Мир знает и чтит его ученость; только те, кто принимал некоторое участие в его повседневной жизни, полностью знают скромность его характера. Его знания были таковы, что он, казалось, не знал ничего, в то время как в совершенстве своего смирения он мог казаться не знающим ничего. Благодаря учености, заметной перед миром, его врожденная застенчивость удаляла его от личного наблюдения. Конечно, столь великая ученость, которая так мало требовала, не будет забыта. Скромность, которая удерживала его в уединении при жизни, представляет его теперь, когда он мертв. Странная награда! Заслуга, которая уклонялась от живого взгляда, теперь наблюдается всеми людьми. Голос, некогда столь мягкий, возвращается эхом из гробницы.
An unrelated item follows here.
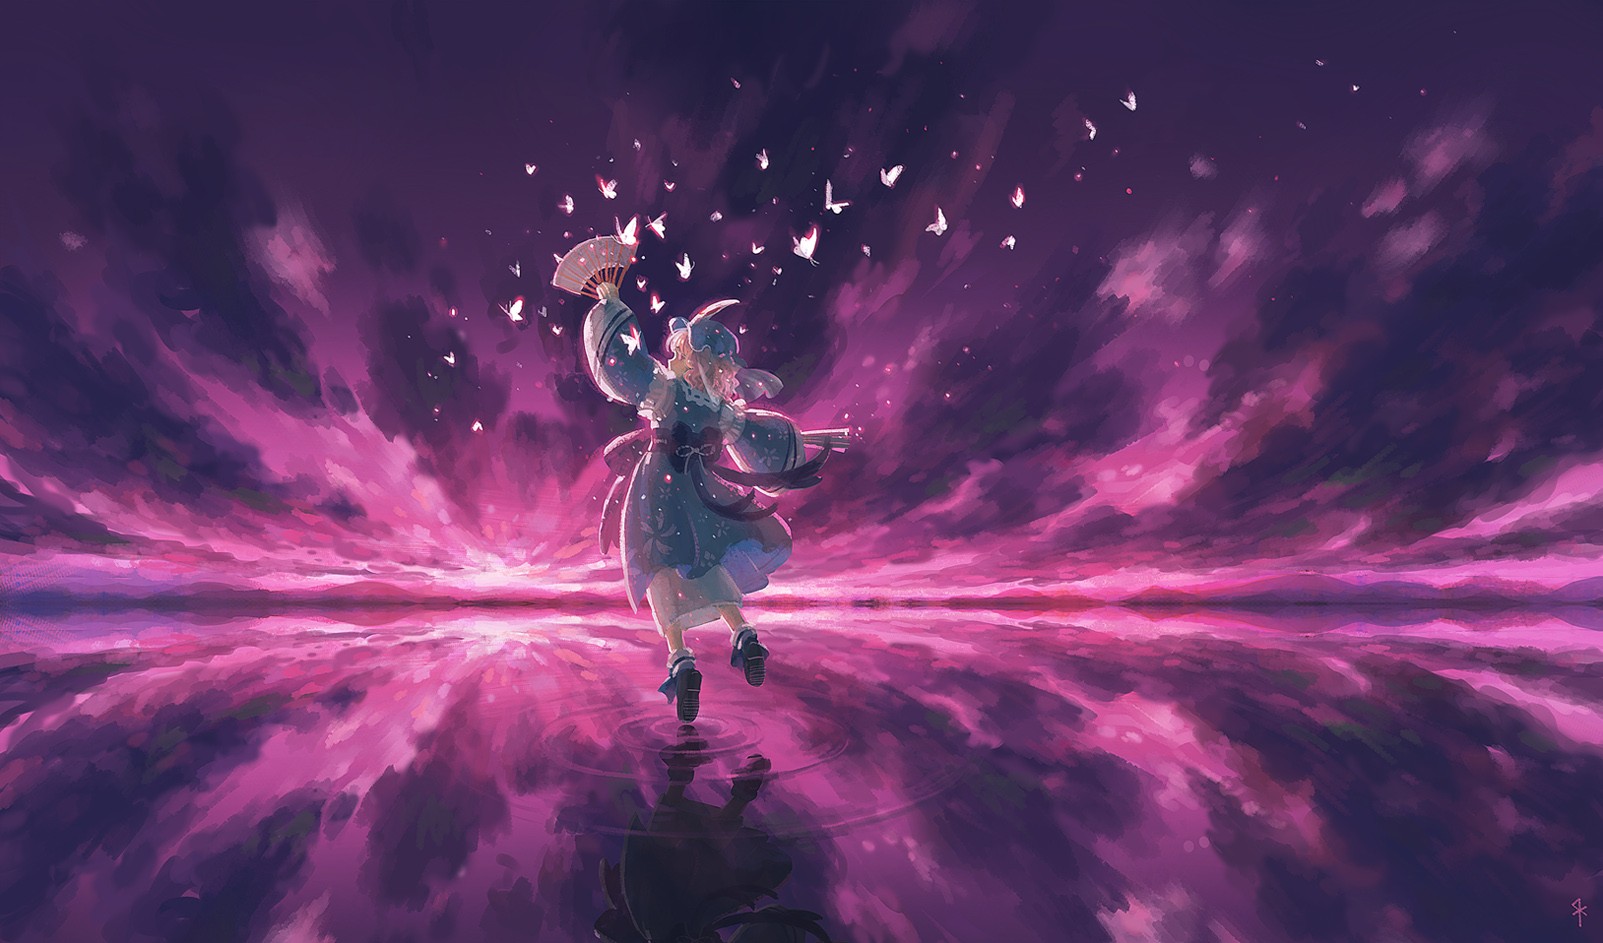 water, Video, Games, Clouds, Touhou, Dress, Socks, Pink, Hair, Short, Hair, Bows, Pink, Eyes, Veil, Saigyouji, Yuyuko, Blue, Dress, Skyscapes, Reflections, Hats, Japanese, Clothes, Anime, Girls, Spread, Arms, Lo Wallpaper

Я ставлю во главу угла его скромность и его ученость, два атрибута, по которым его всегда будут помнить. Я мог бы распространиться о его мягкости характера, его простоте жизни, его доброте к молодым, его сочувствии к занятиям всех видов, его чувствительности к красоте, его добросовестном характере, его бесстрастном уме. Если бы он мог говорить с нами о себе, он мог бы принять слова самоописания из откровенного пера своего выдающегося предшественника в развитии греческой литературы, лидера ее возрождения в Европе, как Пикеринг был лидером в Америке, — учтивого и ученого Эразма. «Что касается меня, — говорит ранний ученый своему английскому другу Джону Колету, — я лучше всего знаю свои собственные недостатки и поэтому осмелюсь дать характеристику самому себе. Вы имеете во мне человека с небольшим состоянием или вовсе без него, чуждого амбиций, с сильной склонностью к любви-доброте и дружбе, без всякого хвастовства ученостью, но большого ее почитателя, того, кто питает глубокое почтение к любому совершенству в других, как бы он ни чувствовал его недостаток в себе, кто может легко уступить другим в учености, но никому в честности, человека искреннего, открытого и свободного, ненавистника лжи и притворства, с умом смиренным и прямым, немногословного, который не хвастается ничем, кроме честного сердца».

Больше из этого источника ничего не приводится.